Figura 08: Okê Oxóssi, de 1970, tela de pintura modernista, marco simbólico da persistência cultural da motriz afrodescendente, criação do advogado, ator, pintor, deputado e diplomata Abdias do Nascimento.

(Cf: https://www.quatrocincoum.com.br/br/resenhas/arte/invisibilidade-oceanica).

Orixá, como sabemos, é um tipo de força que herdamos da ancestralidade da religião iorubana (na África), que se localiza simbolicamente entre os devotos e a suprema divindade, inacessível às súplicas humanas. Simbolizam forças naturais e possuem atribuições na vida e nas práticas religiosas de seus fiéis.

Minha opção pelo trabalho por ser esse um estudo que diz respeito não apenas à luta dos povos negros e indígenas, da tradição cultural brasileira, mas por ser essa dança de Oxóssi um lugar de fala da minha própria existência pessoal. Em paralelo ao que sinto

e penso, devemos considerar que se faz necessário vivenciar a cultura constitutiva da nossa etnia para, inclusive, conhecer os saberes locais, os modos diversos em que cada povo dança, cultua, festeja e celebra seus rituais, possibilitando a luta contra o racismo e contra os preconceitos, além de propor estratégias de ensino dessas danças no âmbito escolar.

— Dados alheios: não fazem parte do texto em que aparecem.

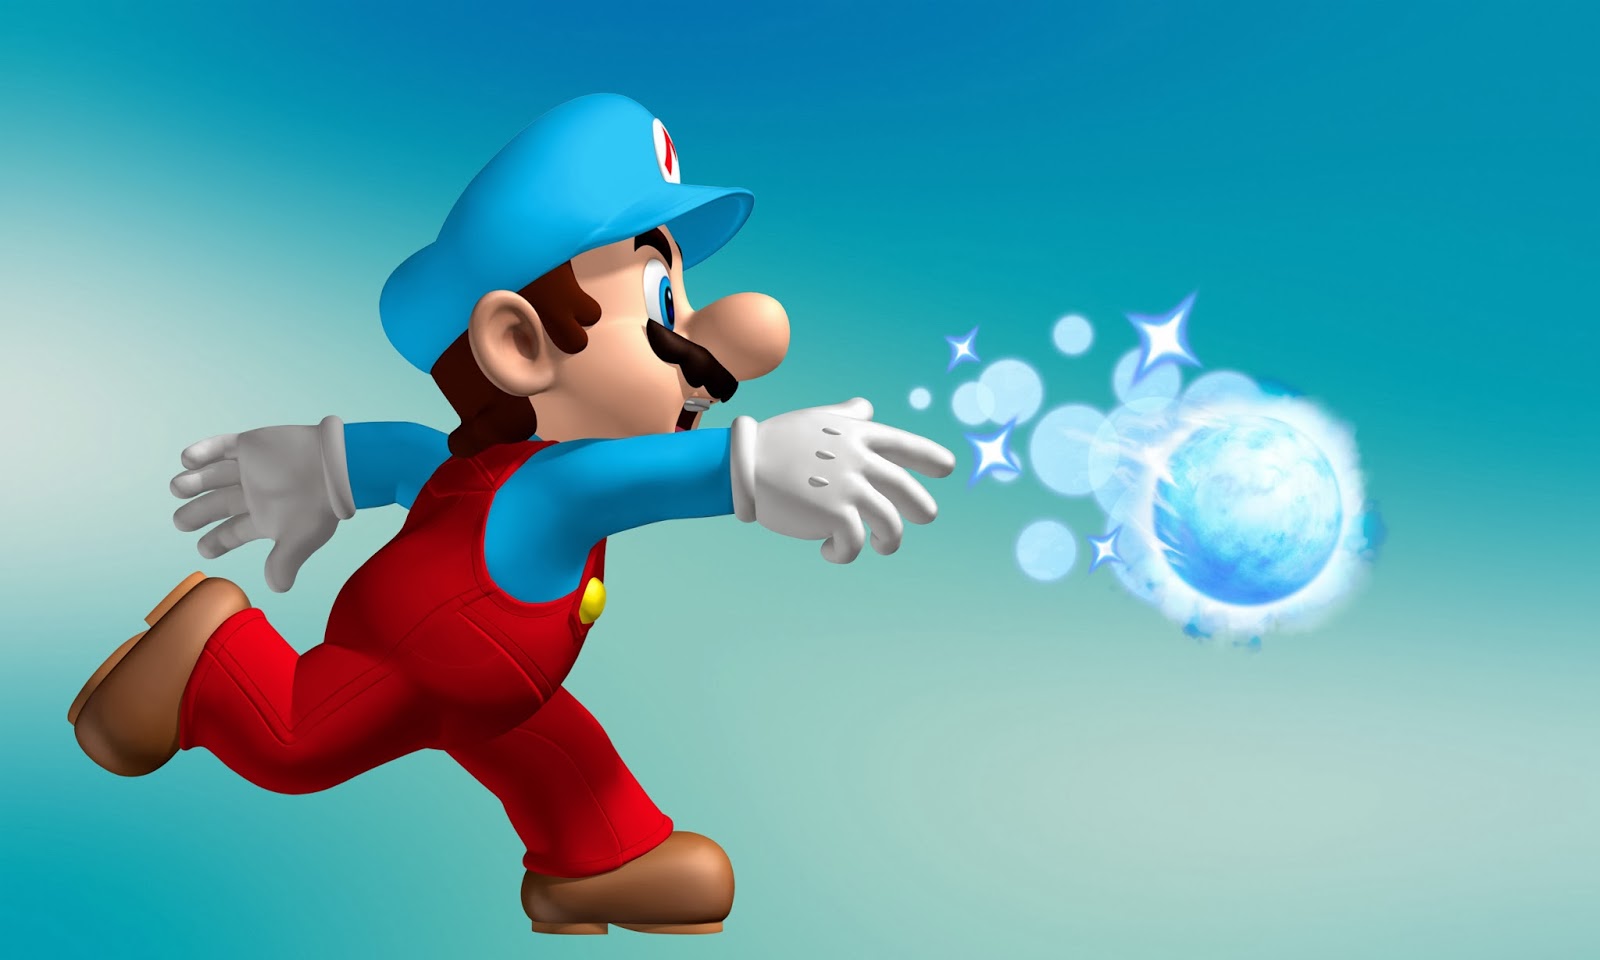 Mario Hd Wallpapers Hd Wallpapers High Definition HD Wallpapers Download Free Map Images Wallpaper [wallpaper684.blogspot.com]
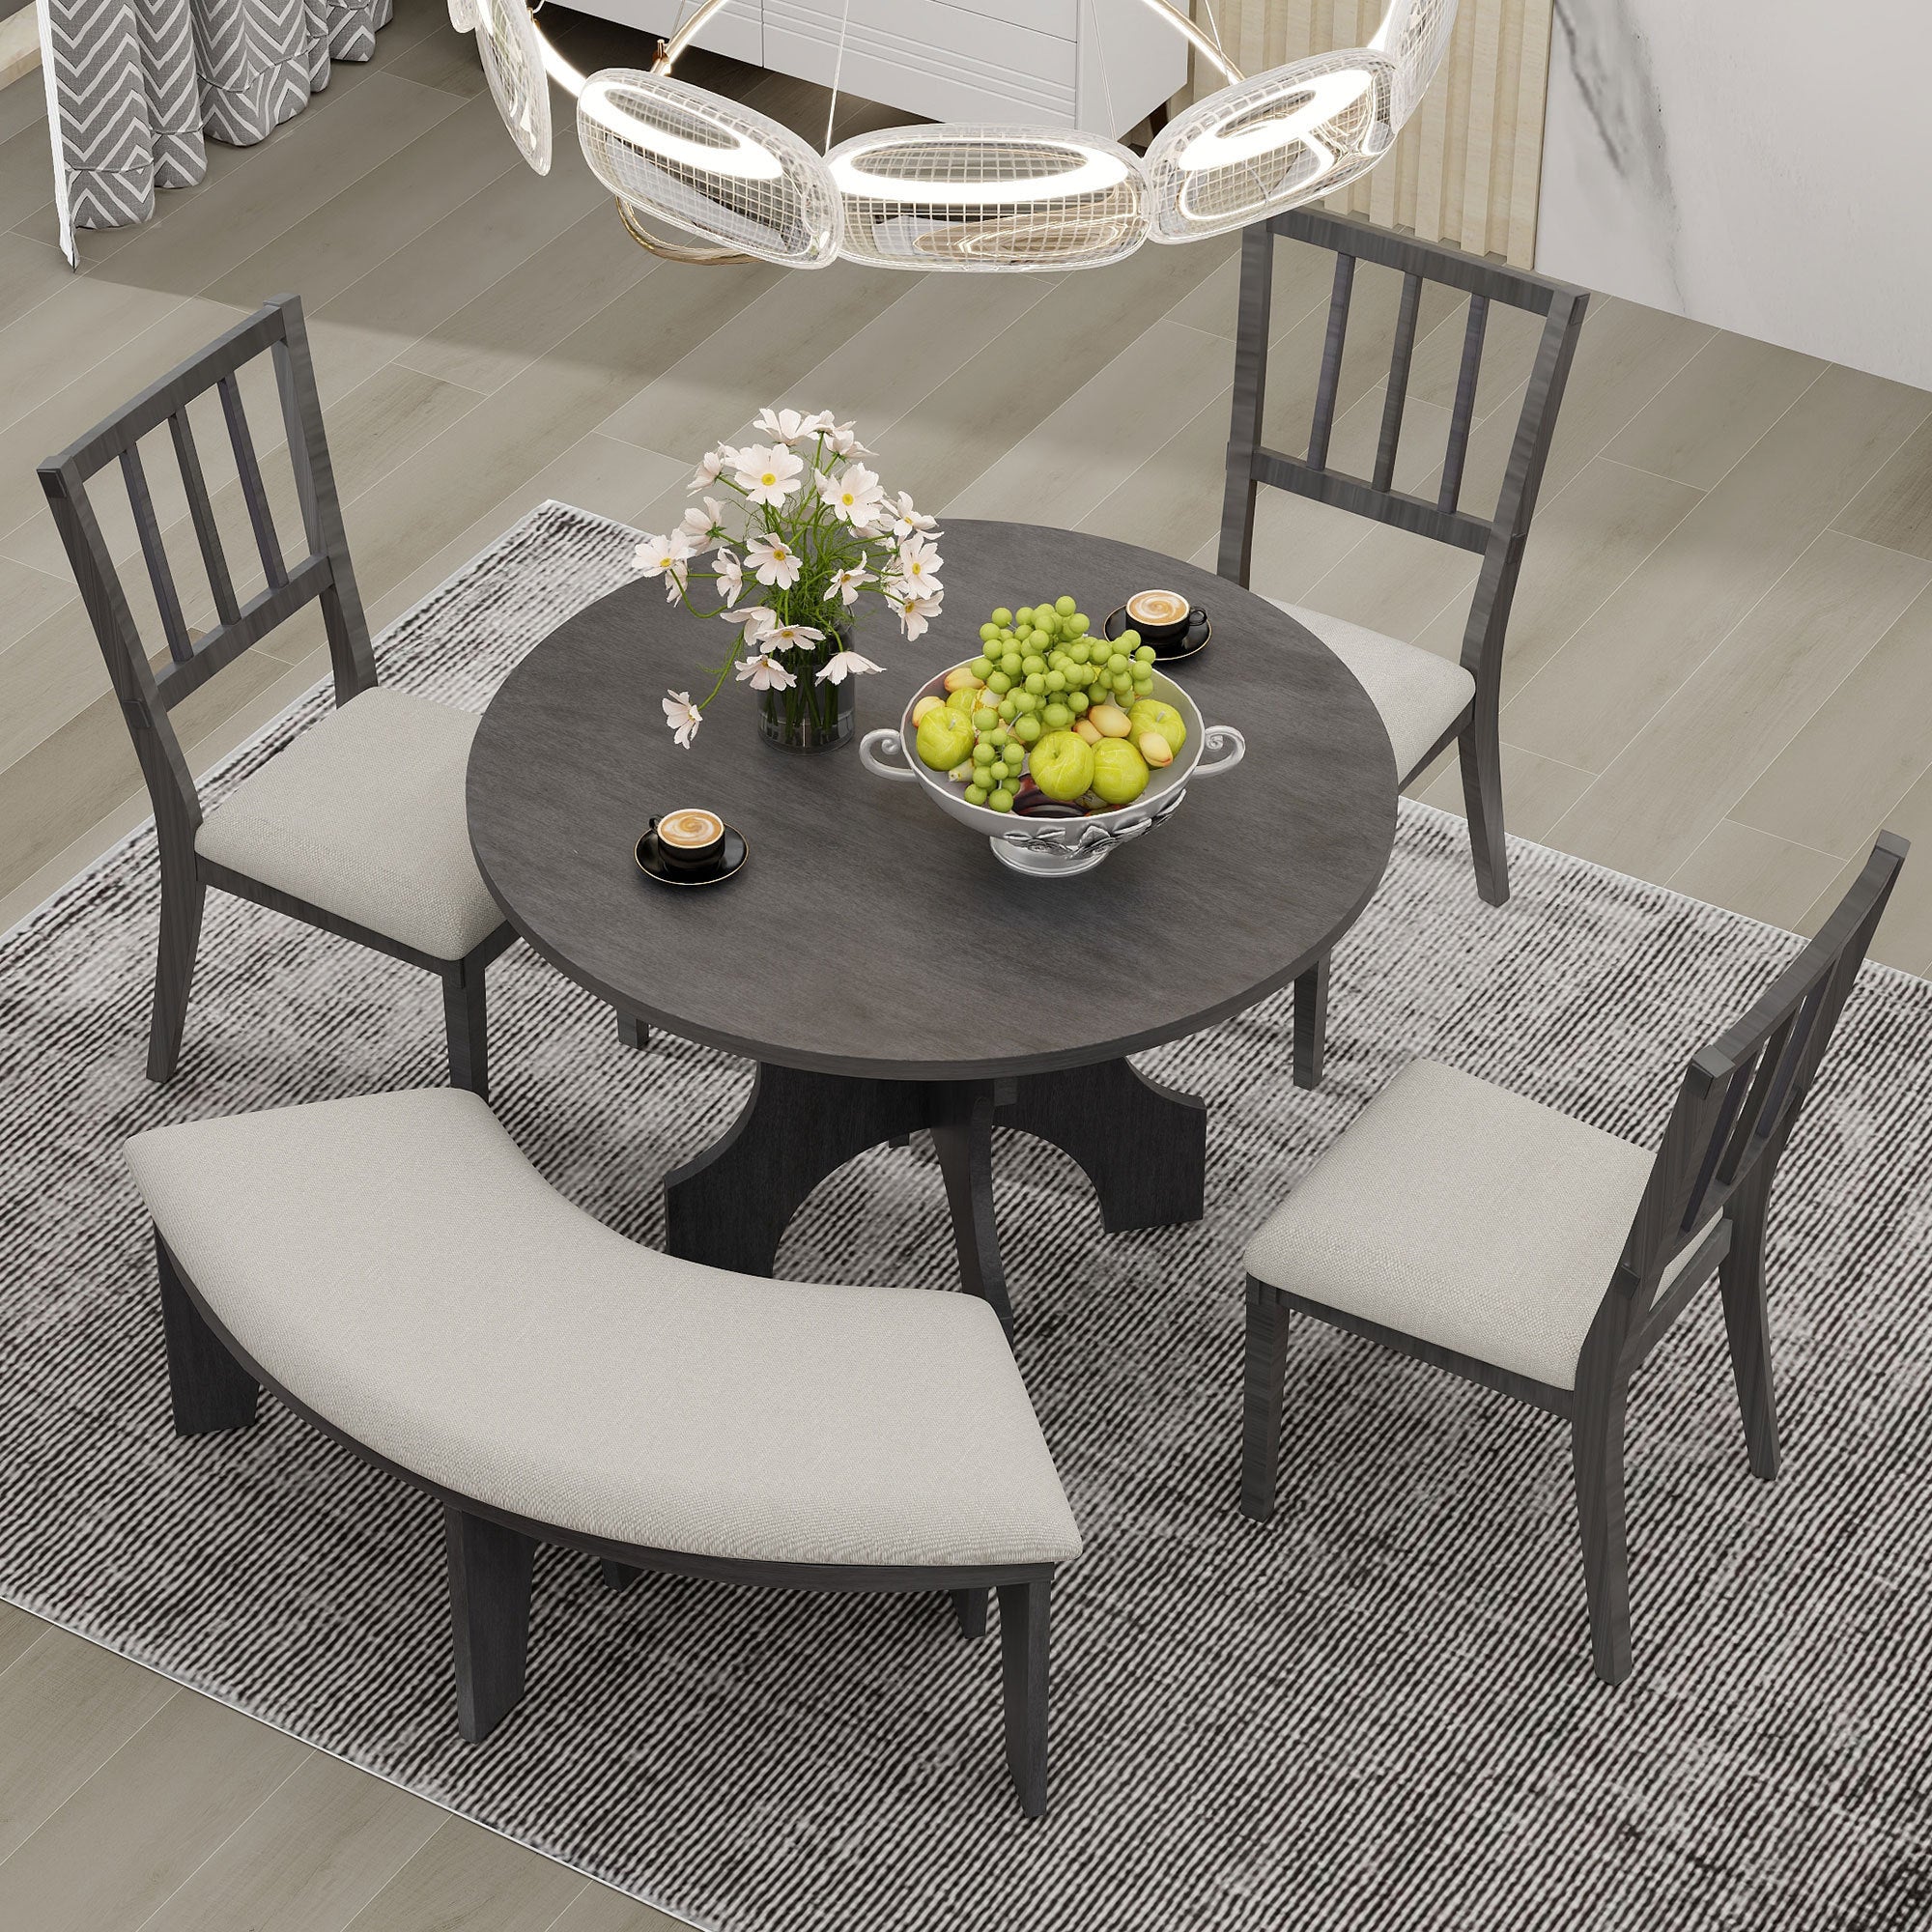 TREXM 5-Piece Dining Table Set, 44" Round Dining Table with Curved Bench & Side Chairs for 4-5 People for Dining Room and Kitchen (Grey)

Optei por realizar esse trabalho por ser um negro, descendente dos povos de África, que também é do candomblé de Kêtu e, ainda mais, filho iniciado do orixá Oxóssi.

Assim, como negro do candomblé, iniciado no Ilê Olorum, também sou dançarino de danças populares brasileiras, tendo me dedicado a essa temática durante todo a minha vida e, ainda mais, na graduação na UFRN, no Curso de Licenciatura em Dança.

Por isso, o trajeto metodológico que buscamos visa atender ao objeto de estudo e não aos desdobramentos de discursos de ódio ou de preconceitos. A dança de Oxóssi é cultural na mesma medida que é um saber corporal, uma construção estética, um fenômeno artístico, um rito sagrado, uma manifestação estética, um conhecimento passível de entrar na escola e ajudar a formar pessoas.